Мы со Спецкором отправились в наш номер, вскрыли баночку мясных консервов, порезали колбаски, сырку, вскипятили чай. По ходу дела сосед рассказал мне историю о том, как один наш известный спортивный комментатор в отеле, за рубежом, заткнув раковину соответствующей пробочкой, с помощью кипятильника готовил себе супчик из пакета – и задремал… В результате – грандиозное замыкание и чудовищный штраф.

Поев, мы завалились в постель – каждый со своего края, – и Спецкор при помощи дистанционного пульта включил телевизор: шла реклама. Насколько я мог впетриться, роскошная блондинка расхваливала какой-то соус. Поначалу она, облизываясь, поливала им мясо и жареную картошечку, а потом просто-напросто, как в ванну, нырнула в гигантскую соусницу. Спецкор порыскал по программам и нашел информационную передачу типа нашего «Времени».

– Ты чего-нибудь понимаешь? – спросил я.

– Спасибо папе-маме, на репетитора не жалели. Волоку помаленьку!

– А мои жалели, – вздохнул я. – О чем хоть говорят-то?

– Над нами издеваются…

На экране возникло узкоглазое астматическое лицо Черненко.

– Клевещут, что якобы генсек шибко приболел, – перевел Спецкор.

– И точно! Последний месяц никого не провожает, не встречает… Вот смеху будет, если помрет!

– А знаешь анекдот? – оживился Спецкор. – Значит, мужик на Красную площадь на очередные похороны ломится. Милиционер спрашивает: «Пропуск!» А мужик: «У меня абонемент!..»

– А знаешь другой анекдот? – подхватил я. – Очередь в железнодорожную кассу. Первый просит: «Мне билет до города Брежнева, пожалуйста!» Кассир: «Пожалуйста!» Второй просит: «А мне до города Андропова!» Кассир: «Пожалуйста!» Третий просит: «А мне до города Черненко!» Кассир: «Предварительная продажа билетов за углом!..»
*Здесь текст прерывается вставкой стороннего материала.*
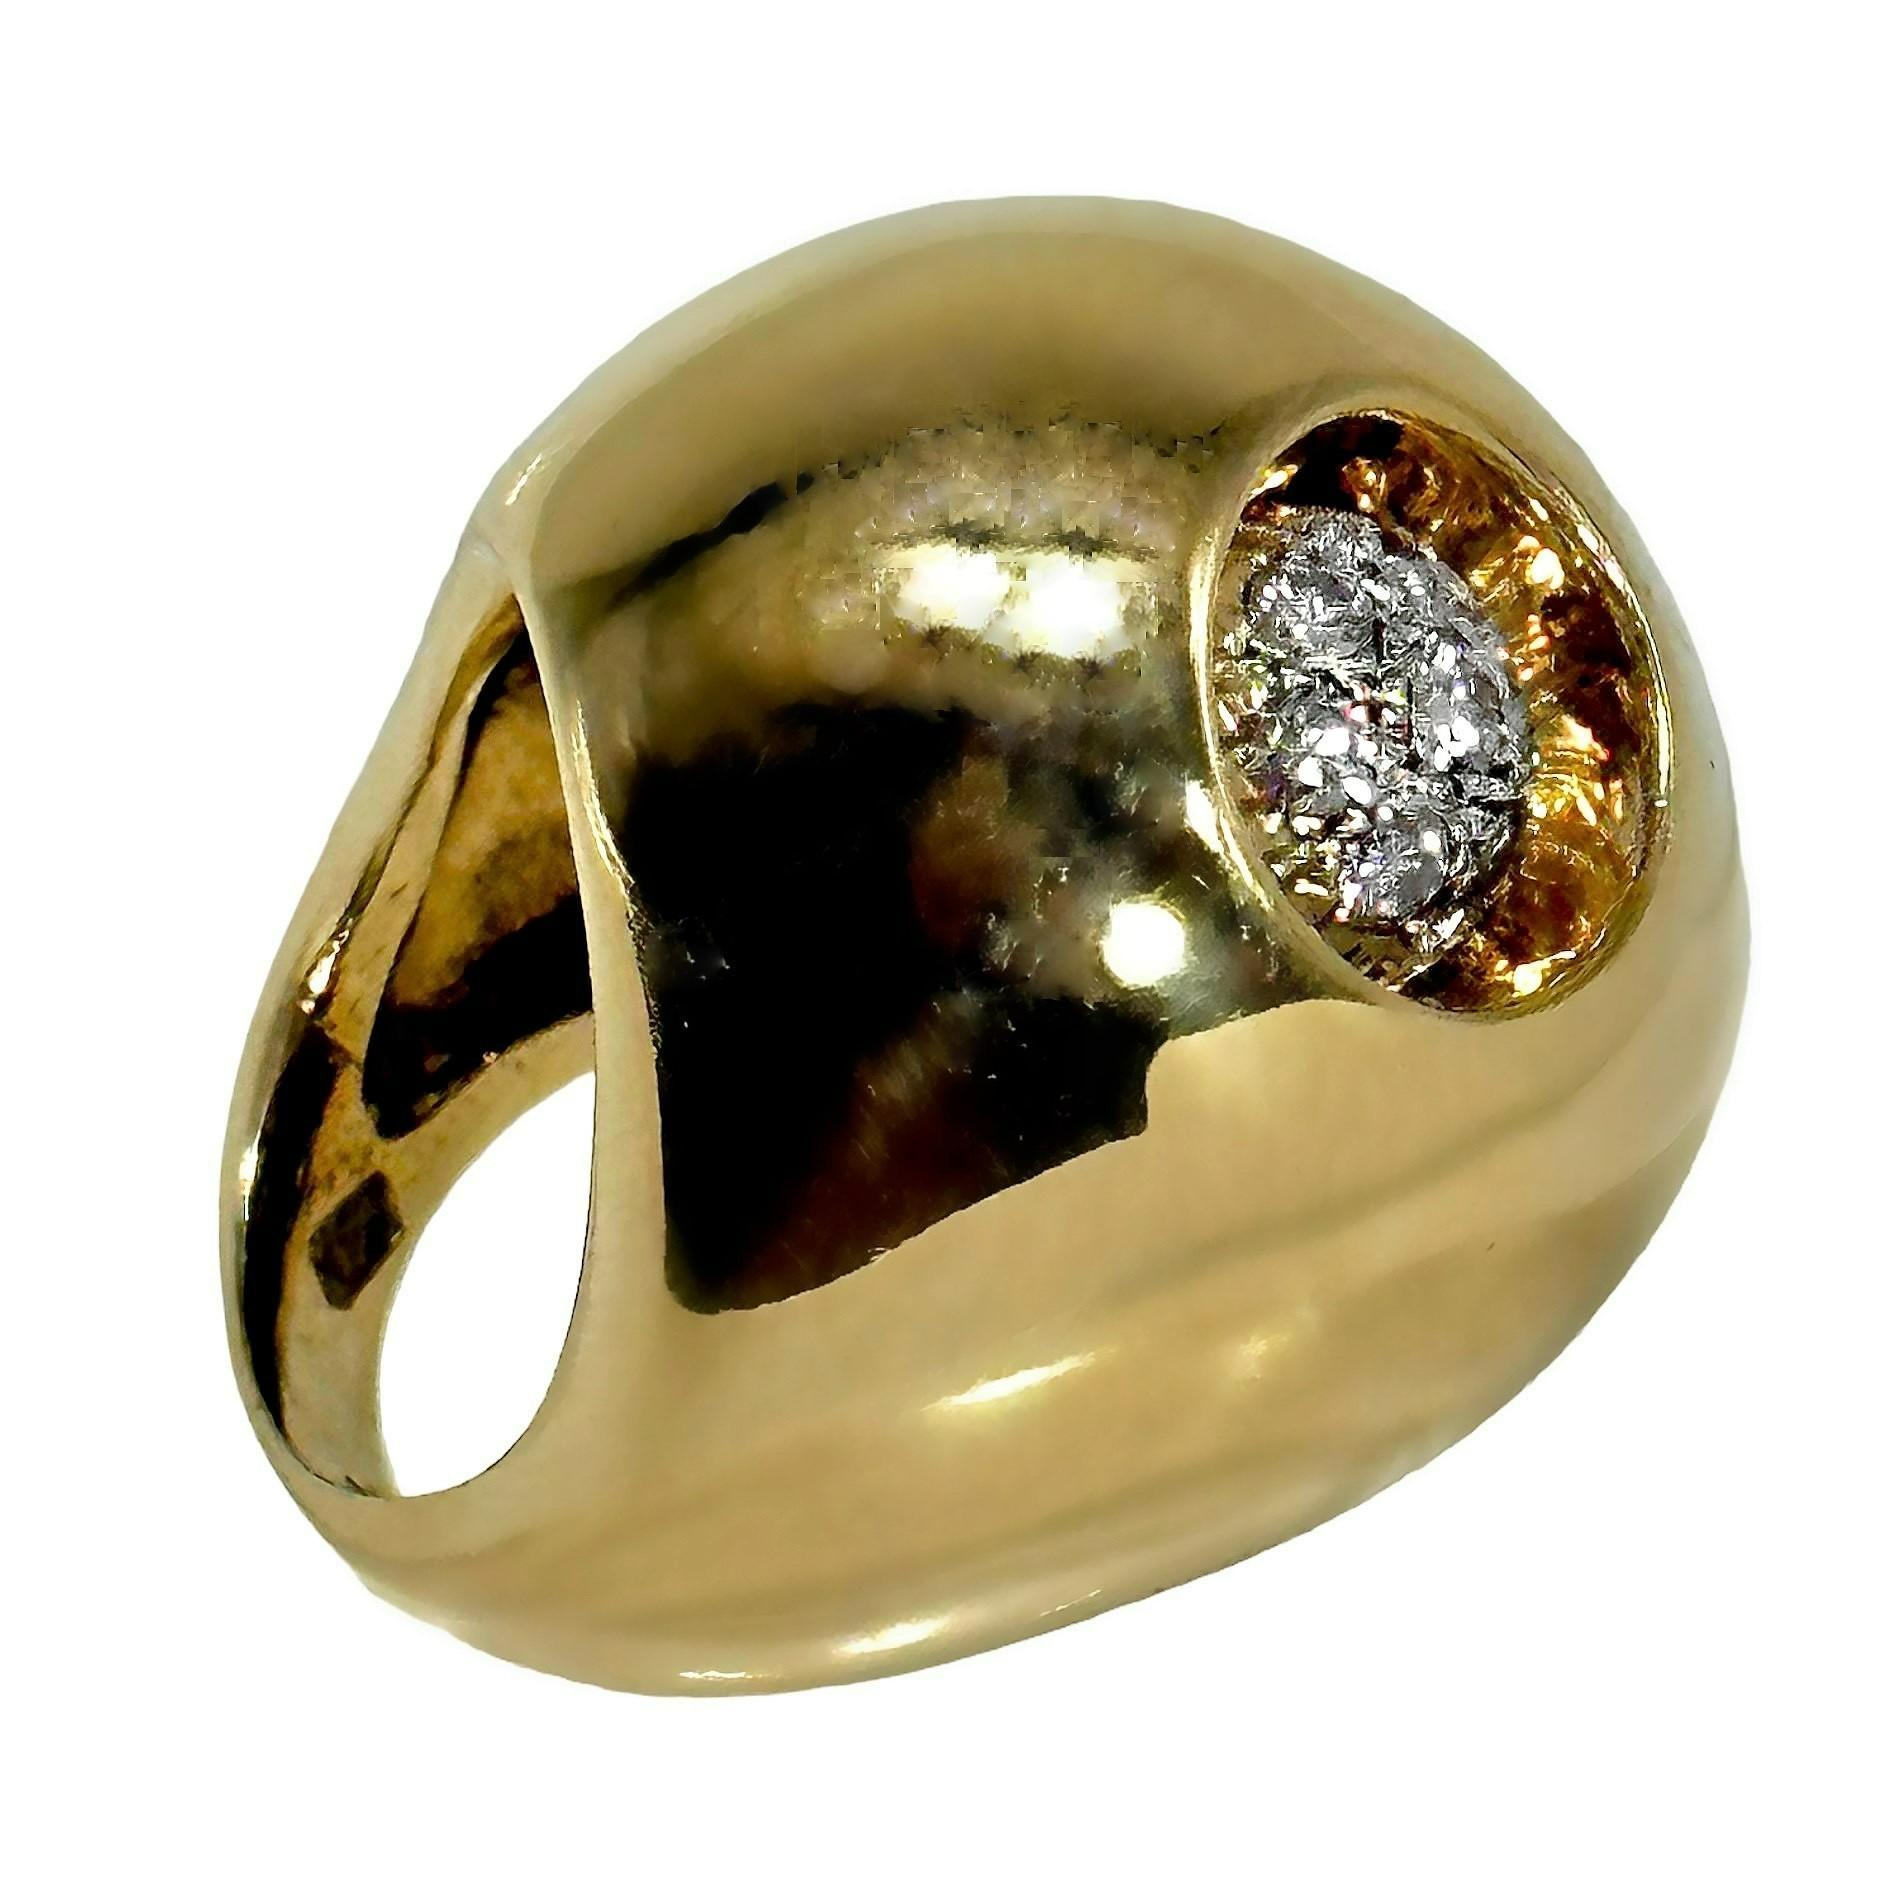 This powerful 14K yellow gold and diamond Modernist ring has a dome that rises more than 1/2 inch above the finger, a length of over 1 1/8 inches and width of 1 inch. Off to one side and deeply recessed is a grouping of eight brilliant cut diamonds

Хохотал Спецкор громко, азартно, по-кингконговски колотя себя в грудь:

– Ну, народ! Ну, языкотворец! Предварительная… Жуть кошмарная!

Потом начался американский боевик. Я почти все понял и без перевода: Кей-Джи-Би готовит какую-то людоедскую операцию, сорвать которую поручено роскошному суперагенту, владеющему смертельным ударом ребра ладони. Переупотребив всю женскую часть советской резидентуры и переубивав мужскую часть, он наконец добирается до самого главного нашего генерала, руководящего всей операцией. У генерала полковничья папаха, звезда Героя величиной с орден Славы и любимое выраженьице «Нэ подкачайтэ, рэбьята!». Суперагент засовывает генерала в трансформаторный ящик, где тот и сгорает заживо. Заканчивается фильм тем, что суперагент, получивший за выполнение задания полмиллиона, отдыхает на вилле в объятиях запредельной брюнетки, а проходящий мимо окна мусорщик достает микрофончик и докладывает: «Товарищ майор, я его выследил!»

– Чепуха! – фыркнул я.

– У каждого своя «Ошибка резидента», – рассудительно заметил Спецкор».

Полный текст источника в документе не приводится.